They’re dismantling the labour courts and the industrial tribunals. How much more anti-labour can the Modi government be? Then they are putting restrictions on trade unions – how trade unions can be formed, who will be its members, who can be its officer bearers. As if trade unions are the biggest enemies of society. But that’s the feeling – many judges have this feeling also – that trade unions are the enemies of society. And I’ve heard very hostile anti-trade union views, anti-labour views being articulated by judges. So what can we say? The Modi government is out to crush the labour movement.

All that I can say is all these things teach labour a very good lesson, which is – that the legislature can’t be trusted, the courts probably can’t be trusted, and what Datta Samant said – which is to get into the streets and start social movements and agitations and uprisings – that may be the correct way forward. But that’s not what any democracy wants. Democracy wants the labour system to be strengthened, law to be strengthened, judges to act as independent persons adjudicating.

Government wants to turn the labourers into terrorists. And it has happened; in different parts of the country, they are burning down factories, and killing people. Why does it happen? Because labourers realize that they don’t have access to courts. The Labour Commisioner’s Offices across the country are cesspools of corruption. These Labour Commissioners make so much of money.

Why do you think India has not ratified the UN Convention on Torture after signing it?

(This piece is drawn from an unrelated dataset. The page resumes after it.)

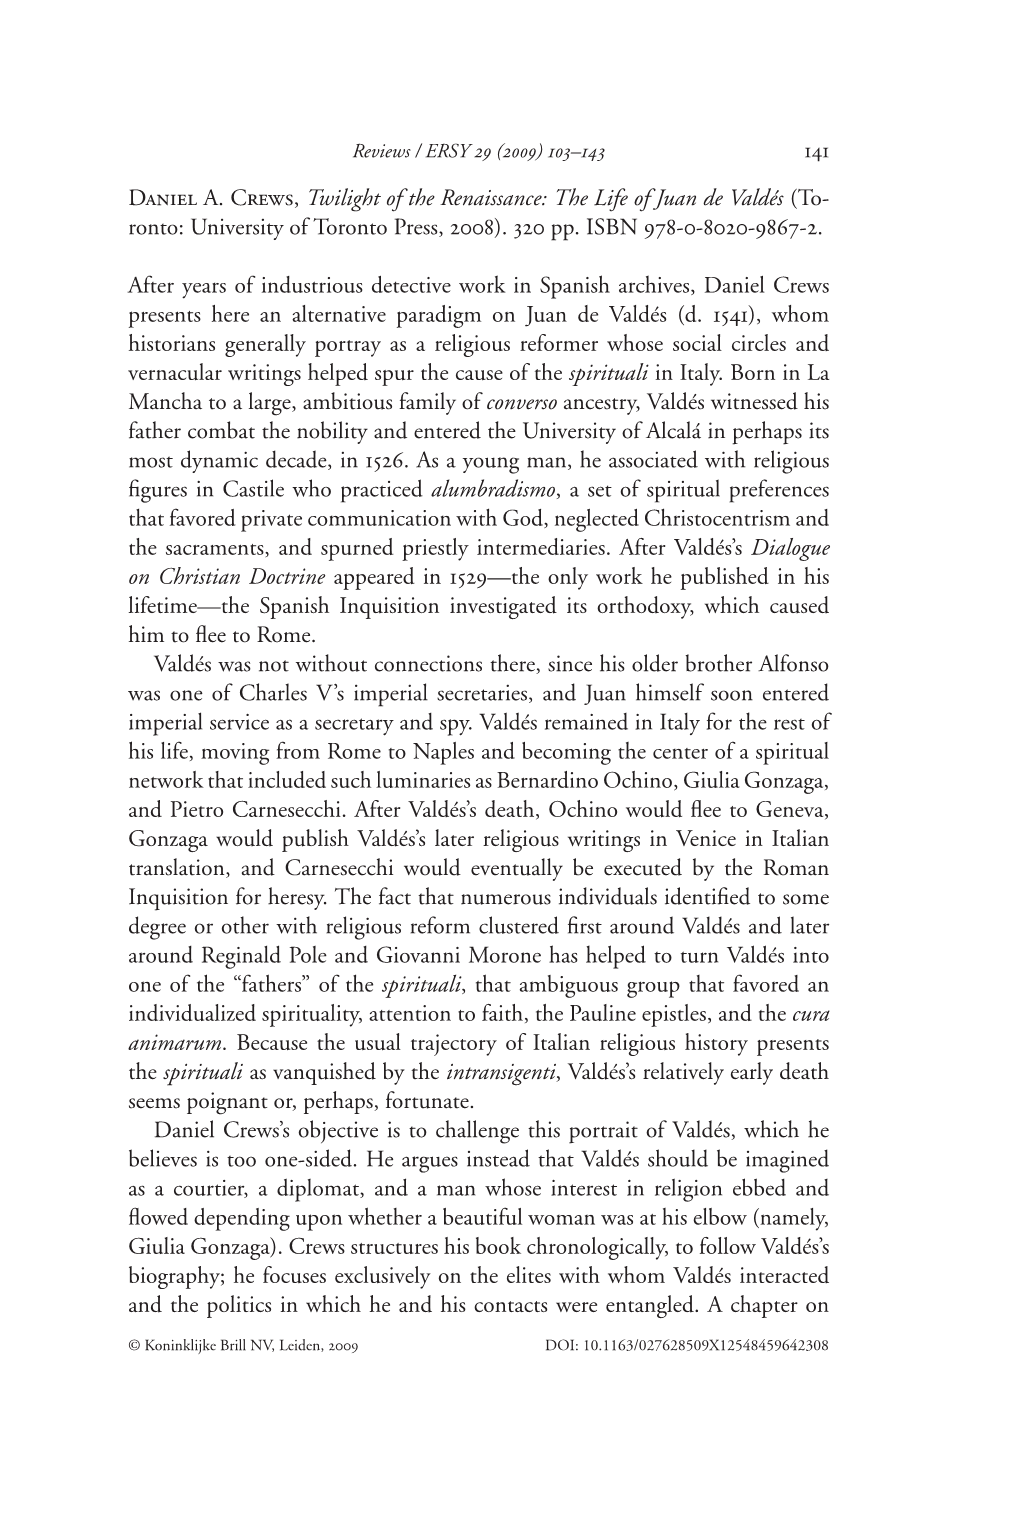 The Life of Juan De Valdés (To- Ronto: University of Toronto Press, 2008)

Well, the answer is simple I think. The Convention on Torture will expose India to International scrutiny as to it standards, practices and so on. India is a country where torture is endemic, probably where the highest levels of torture take place in any democracy. So, they don’t care. You write about it in the newspapers, you file cases, the Indian government doesn’t care. But if it comes up abroad that this great perceived bastion of democracy is not genuine, then they don’t want the world to know.

And once you join the UN Convention then you have periodic meetings, periodic reviews. When you make your law – which they say they want to make – together with other countries, they will scold you and say take away this provision, put in this provision. Now, India doesn’t like globalization, really. India likes commercial globalization, it doesn’t like globalization of human rights. So, they have opposed it tooth and nail and we are in the company of China, Saudi Arabia, etc.

You had appeared as Amicus in a related petition filed by Ashwani Kumar in the Supreme Court.

See, Ashwani Kumar’s petition was a good petition, he argued very well in the Supreme Court and all that, but he’s still under the wrong understanding that in order to ratify a Convention you must make a law. The United Nations has a hundred times clarified that it is not a precondition to ratification. In fact, once you ratify it, then the making of your law becomes easier, because there is a global process and you get inputs from other countries.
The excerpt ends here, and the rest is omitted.